American audio engineer

Bob Katz is an American audio mastering engineer and author of a popular book on audio mastering. Katz has mastered three Grammy Award–winning albums and one nominated album. Projects he has worked on have received Grammys and acclaim from audiophiles, and his book on mastering is considered by some to be the "definitive work on mastering".

==Career==
Katz taught at the Institute of Audio Research from 1978 to 1980. In 1988, Katz joined Chesky Records and began recording jazz and classical artists there, as well as producing oversampled commercial recordings. In 1990, he founded an audio-mastering company called Digital Domain Mastering, where he continues to work.

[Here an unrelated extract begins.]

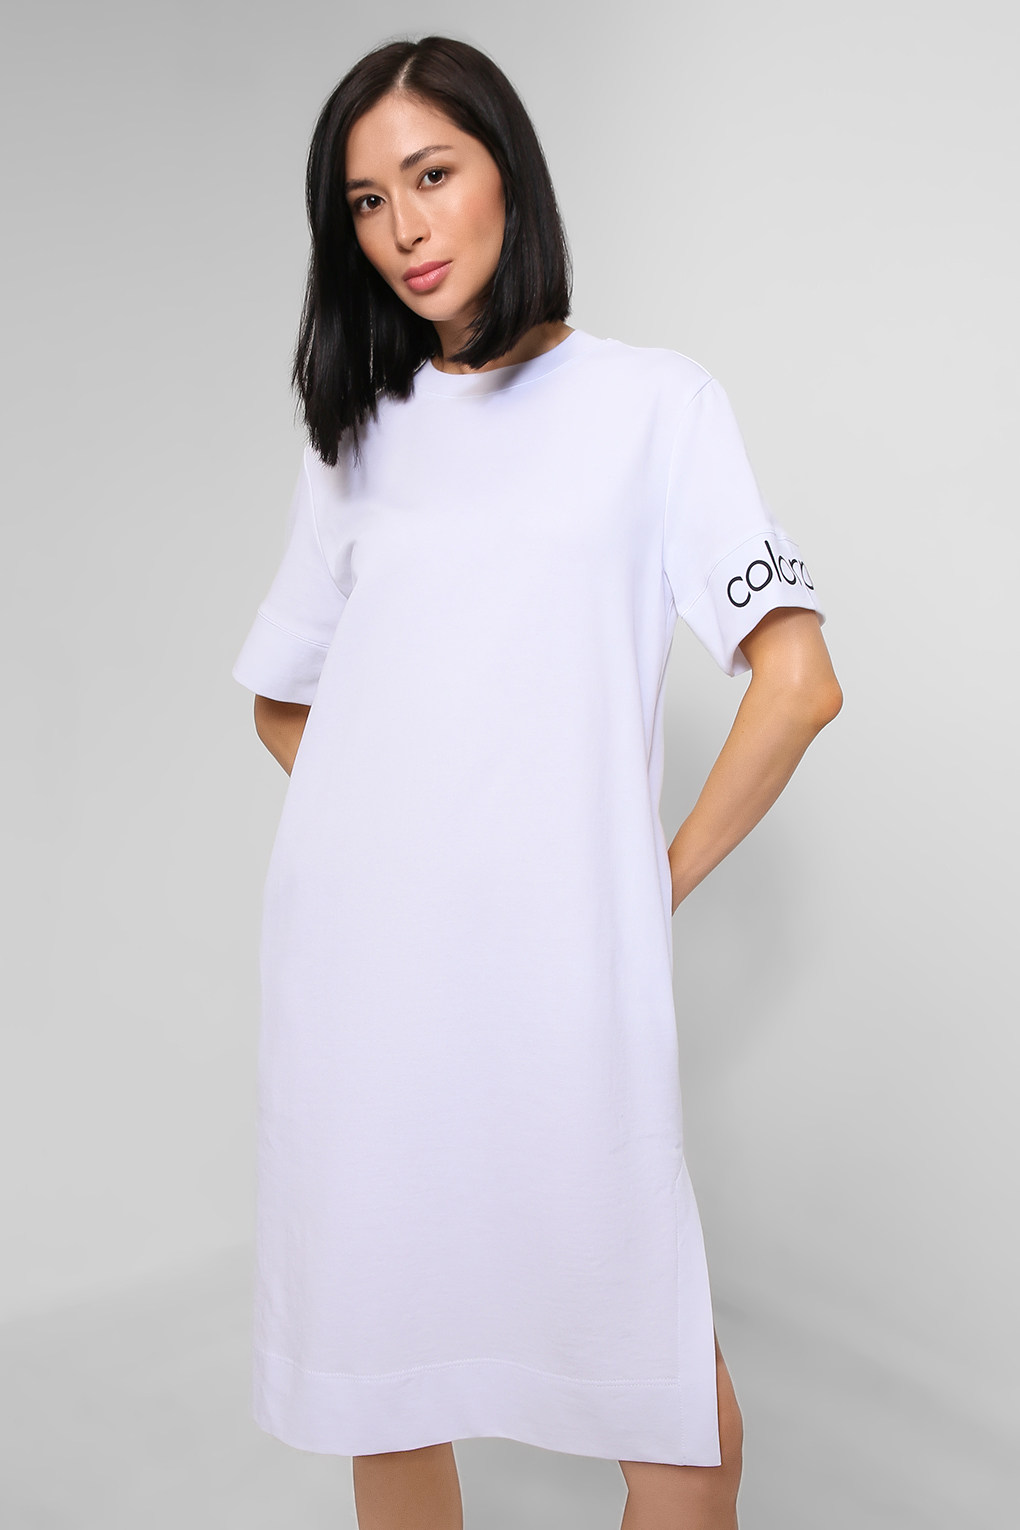 Платье женское COLORPLAY CP22045278-002 белое S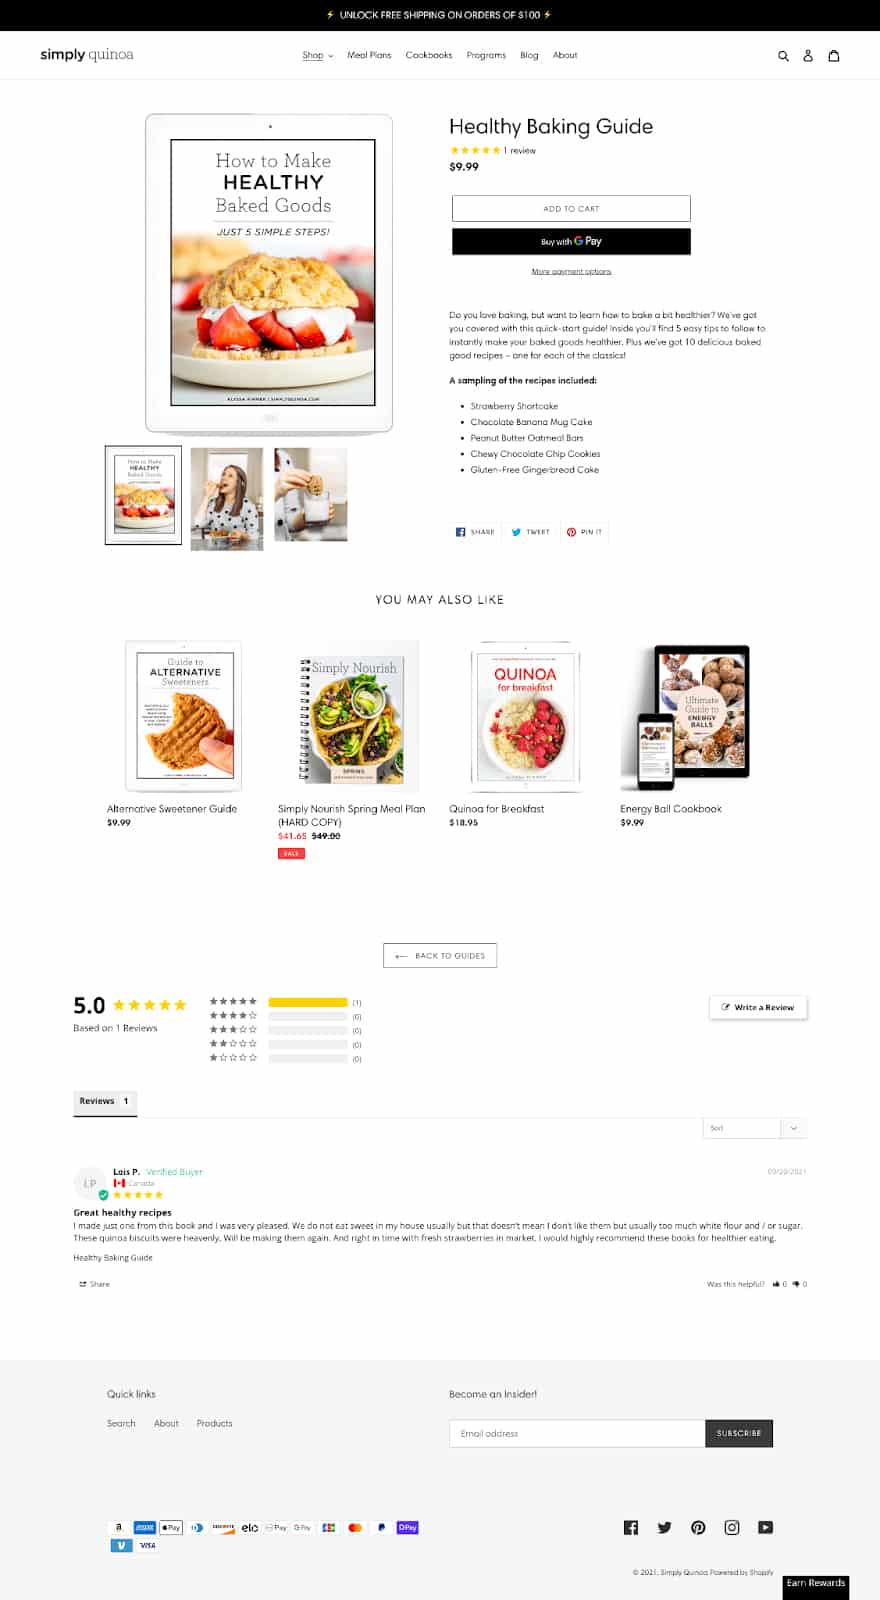 简单的藜麦产品页面与图书指南出售。

In early 2015, Katz began a regular blog, Katz's Corner, on the headphone enthusiast site InnerFidelity.

==Grammy Award–winning albums==
Grammy Award–winning albums mastered by Bob Katz:
- 1985: Ben Kingsley, The Words of Gandhi
- 1997: Paquito D'Rivera, Portraits of Cuba
- 2001: Olga Tañón, Olga Viva, Viva Olga

==K-system, K-stereo and K-surround==
Bob Katz proposed the K-system to measure audio levels and standardize dynamic range in recorded audio. He has developed the proprietary systems K-stereo and K-surround. These processes are designed to "recover lost or amplify hidden ambience, space and imaging, and generate stereo from mono signals without adding artificial reverberation".